I’m currently in the middle of having a root canal redone. As in, I had it done a few years ago, and now have to have the previous work removed and replaced. I was so triggered by the first experience I avoided dentists for a while, and have now found myself being verbally combative in response to those who are supposed to be helping me. Unfortunately, finding a medical professional who is sensitive to the needs of people with PTSD and trauma histories can be very hit or miss and I haven’t had a lot of success. For today’s #InnerWork Wednesday, I wanted to develop a ritual to help me transform my feelings of helplessness in order to focus my intention, my voice and my energy before undergoing additional procedures.*

Instructions

Gather the following items in your sacred space:

A candle (intuitively choose the color)

A piece of polymer clay

An oracle or tarot deck

Step 1: Cast a circle or center yourself using meditation, yoga, whatever you use to ground.

Step 2: Spend some time using your inner eye to create an image of a tree covered in leaves. Use all of your senses to draw out each element of how it would look, feel, smell and sound. Spend some time mentally relaxing under its branches.

Step 3: Ask Deity or your inner Wisdom to show you the specific question you need to ask in order to ground yourself before your medical procedure. For example, perhaps there is an attitude or strength you can cultivate for assistance, or a character trait that will be strengthened by engaging in self-care and following through on your doctor’s advice.

Step 4: After deciding upon the question, draw a Tarot or oracle card and meditate on what it reveals to you.

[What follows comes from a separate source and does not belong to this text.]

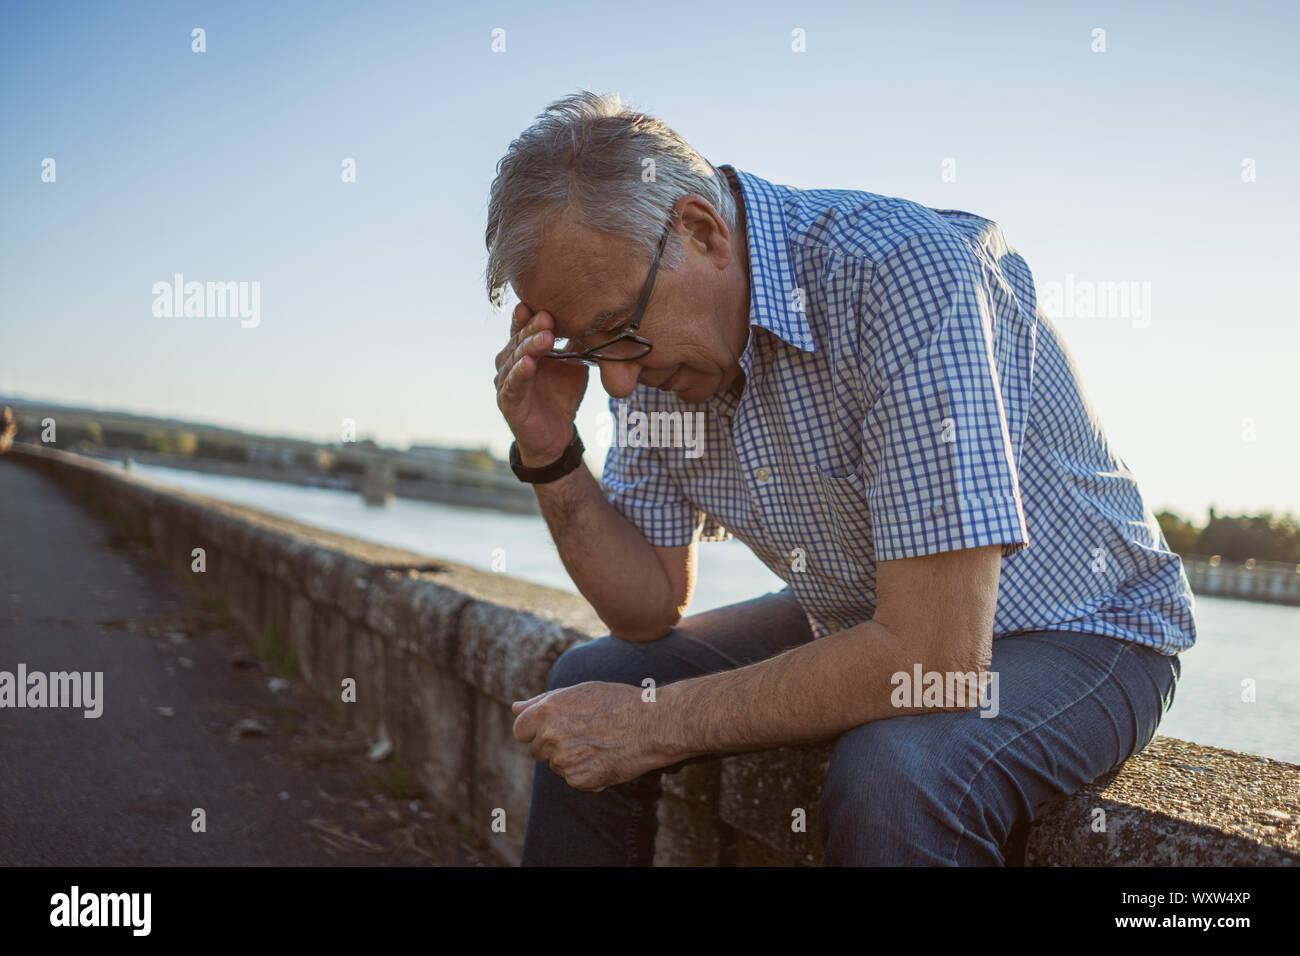 Outdoor portrait of senior man who is having headache. Stock Photo

Step 5: Decide how you wish to use the clay. You can either shape it into the body part related to your medical procedure, or you can shape it into a representation of what the card revealed to you. Or both!

Step 6: Place your clay creation in front of the candle. Light the candle, and, if it fits your practice to do so, ask your Deity or Inner Wisdom to be present with you during the procedure and to guide you in developing the traits you need to undergo it successfully.

Step 7: Imagine the tree again, and imagine yourself underneath of it being filled with strength, voice, intention and energy. Spend as much time as you need to draw in the rootedness the tree offers. Listen for any healing messages, and thank the tree for its blessings.

Step 8: Thank your Deity or Inner Wisdom for guidance, and close the circle.

Consider taking something with you to your appointment that you can touch in order to ground yourself. The polymer clay could be baked and turned into an amulet for protection or talisman for blessing for this purpose. I created a witch jar filled with hearts to represent lovingkindness, and I wear a bracelet with chakra stones that also has an evil eye to ward off any negative energies.

*Please note that I am primarily focused in this post on routine types of medical care here; if you are having major surgery or testing that could be life-altering, I definitely encourage you to seek out additional resources and consult your support system as there could be an element of grief or direct trauma involved in those situations.

If you decide to use any of this ritual in your own practice, be sure to adapt it to your own preferences and needs. It may be worth doing at least parts of it more than once to solidify your mental imagery and connection to Source before your procedure. I welcome any links to other practices you have found helpful!